The auto club estimates that 41 million Americans will travel 50 miles or more over the holiday period, a decrease of 400,000 from 2007 and the lowest projection since 2002. But those deciding to travel will pay a little over $28 to fill an average 15-gallon tank.
Compared with last year, that’s a savings of $15.
Gas prices in the region have fallen for the 10th consecutive week.
The report for the week ending Nov. 14 shows an almost 7 cent decrease in Kingsport in the last week, with the average price taken from 24 stations coming in at $1.86 per gallon. At some gas stations in Kingsport regular unleaded was selling as low as $1.76 a gallon on Friday.
Bristol’s 20 stations saw the biggest price decline during the period with a 15 cent drop, bringing the average price to $1.87 per gallon.
The average price in Johnson City was the highest in the region at $1.92 per gallon, even with an 11 cent plunge in price in the past seven days.
The average price for all of East Tennessee continues to stay at levels not seen since late January 2007, and the current national retail average for regular unleaded — $2.04 per gallon — is the lowest since March 2005, according to AAA.

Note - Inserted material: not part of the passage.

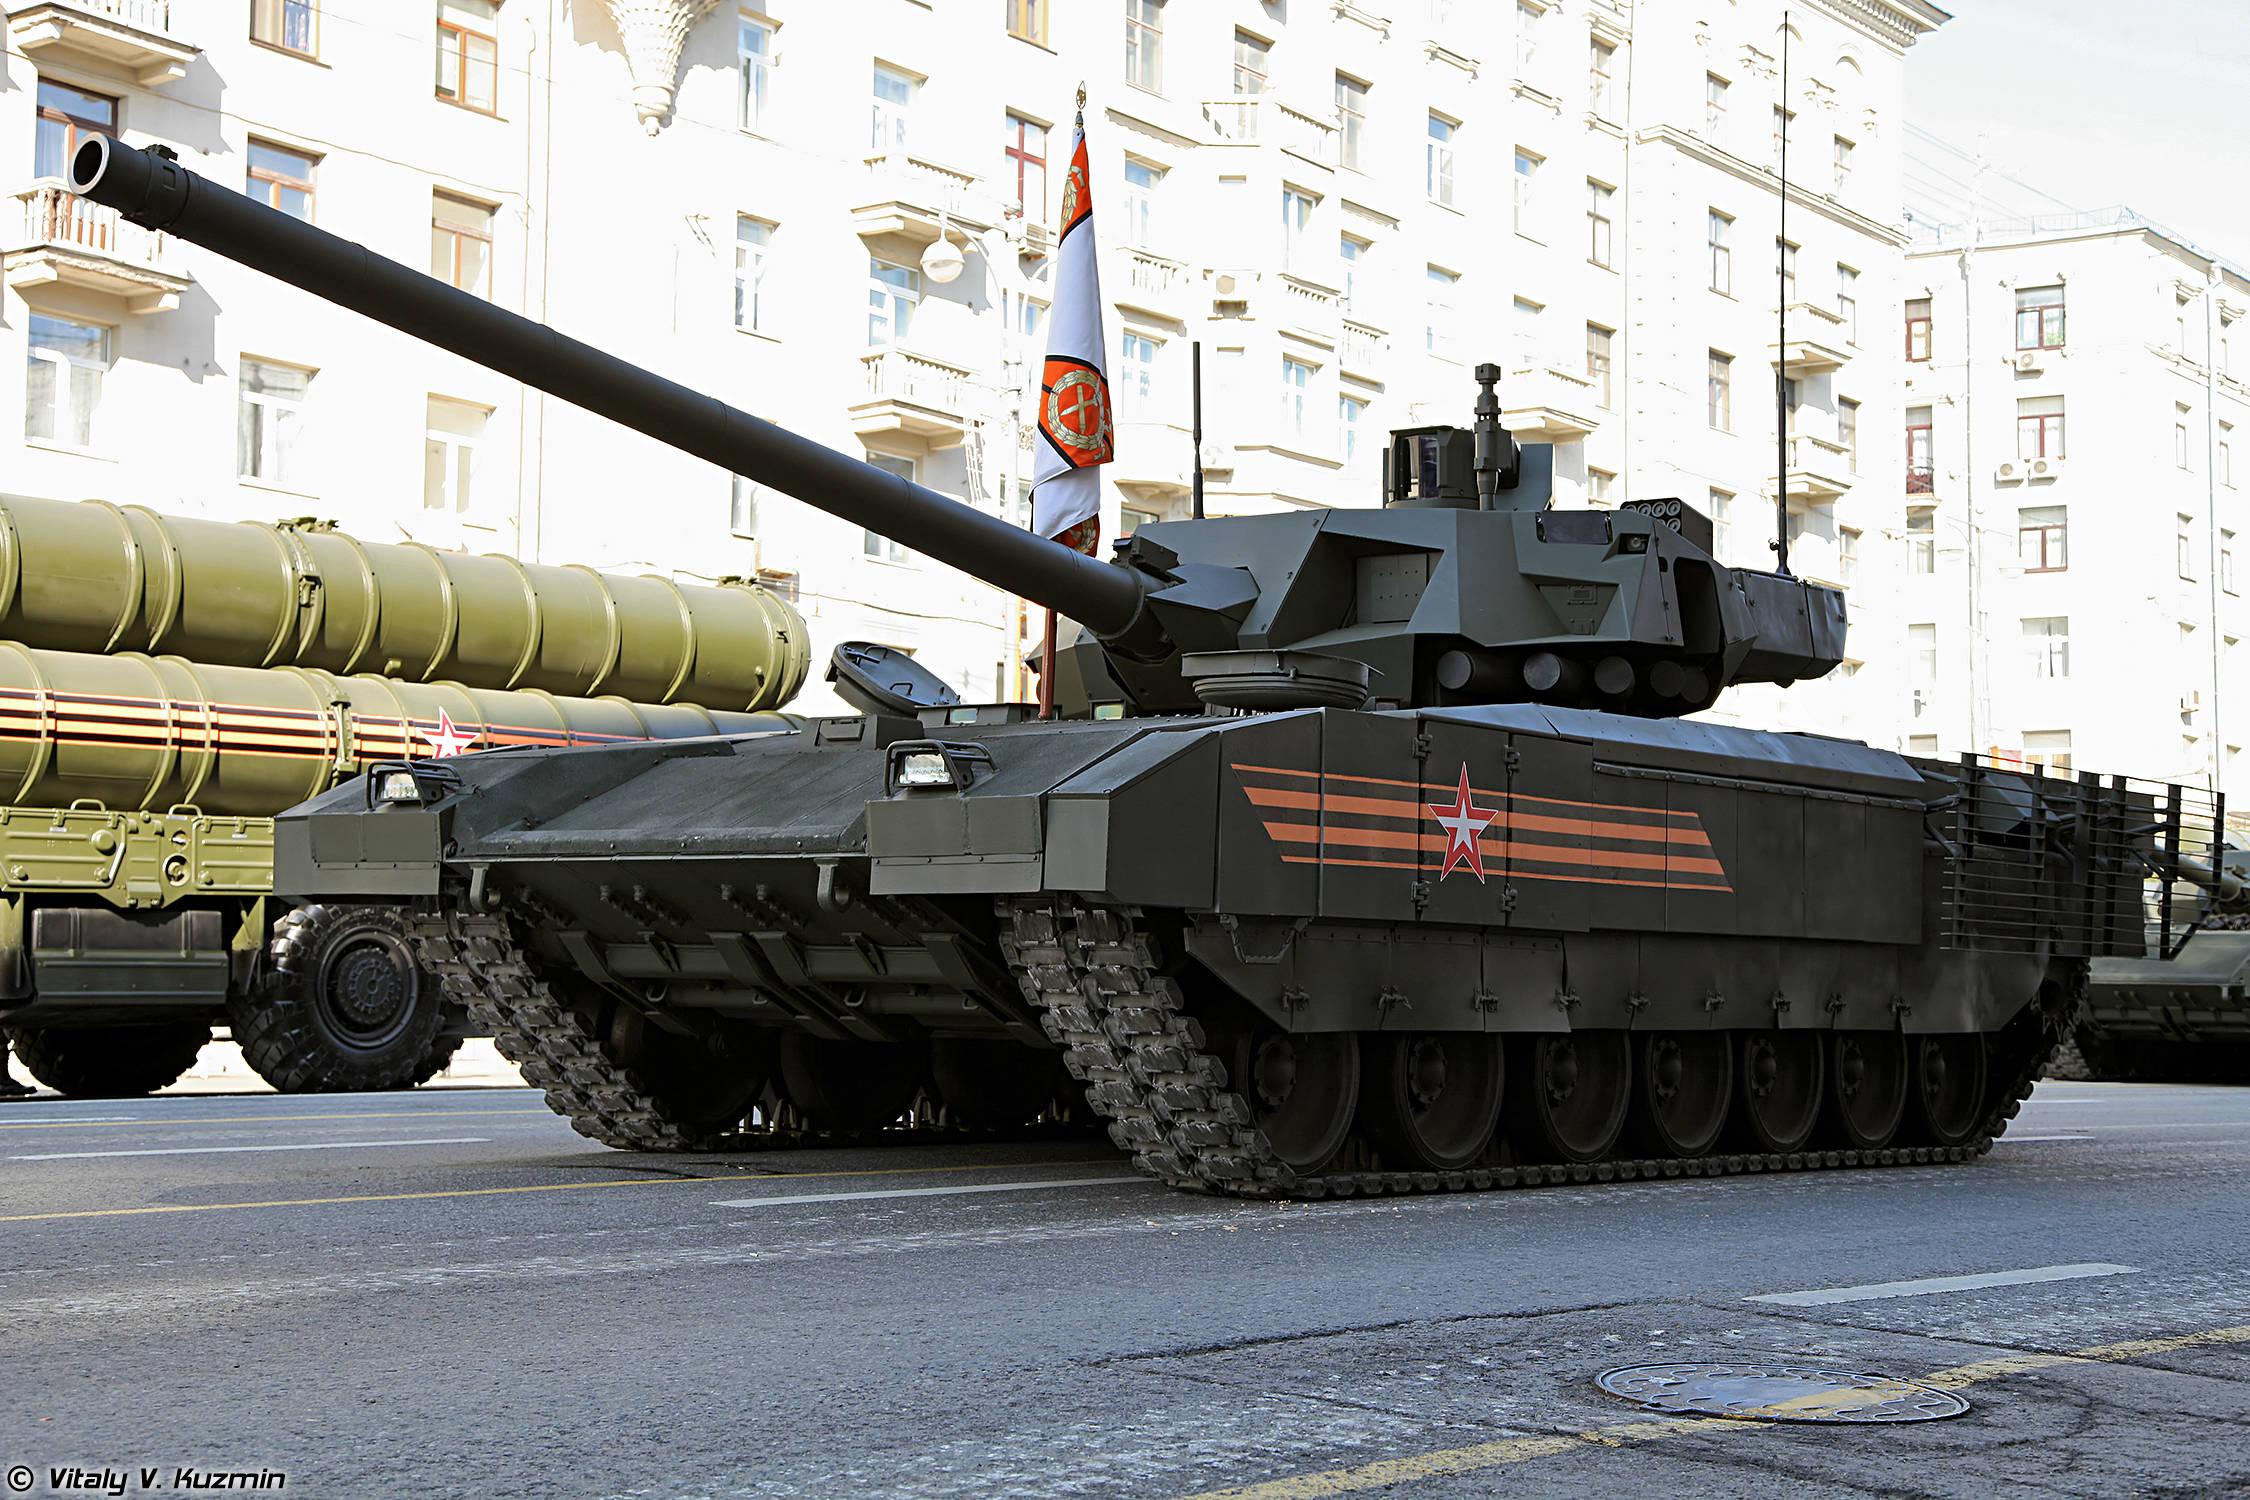 阿玛塔坦克将于2022年装备俄军

AAA public affairs specialist Don Lindsey said falling gas prices mirror the sagging global economy, which continues to force oil prices down.
“How long this will continue and how low prices will go remain only speculation, but whenever the economy recovers — a welcome event — we should expect gasoline prices to come back up,” said Lindsey.
Demand for gasoline continues to help influence prices due to more people cutting back on their driving, but the drops have also translated into reduced prices for heating oil and natural gas, bringing a little financial relief to struggling families this winter.
According to the Associated Press, home heating oil prices fell 9.6 percent, natural gas intended for home use fell by 5.9 percent, and liquefied petroleum gas dropped by 27.6 percent, the biggest decline in more than three decades.
The Labor Department reported last week that wholesale energy prices dropped by 12.8 percent in October, the biggest one-month fall since 1986. All types of fuel declined, with gasoline falling by a record 24.9 percent, surpassing the old mark set in 1986.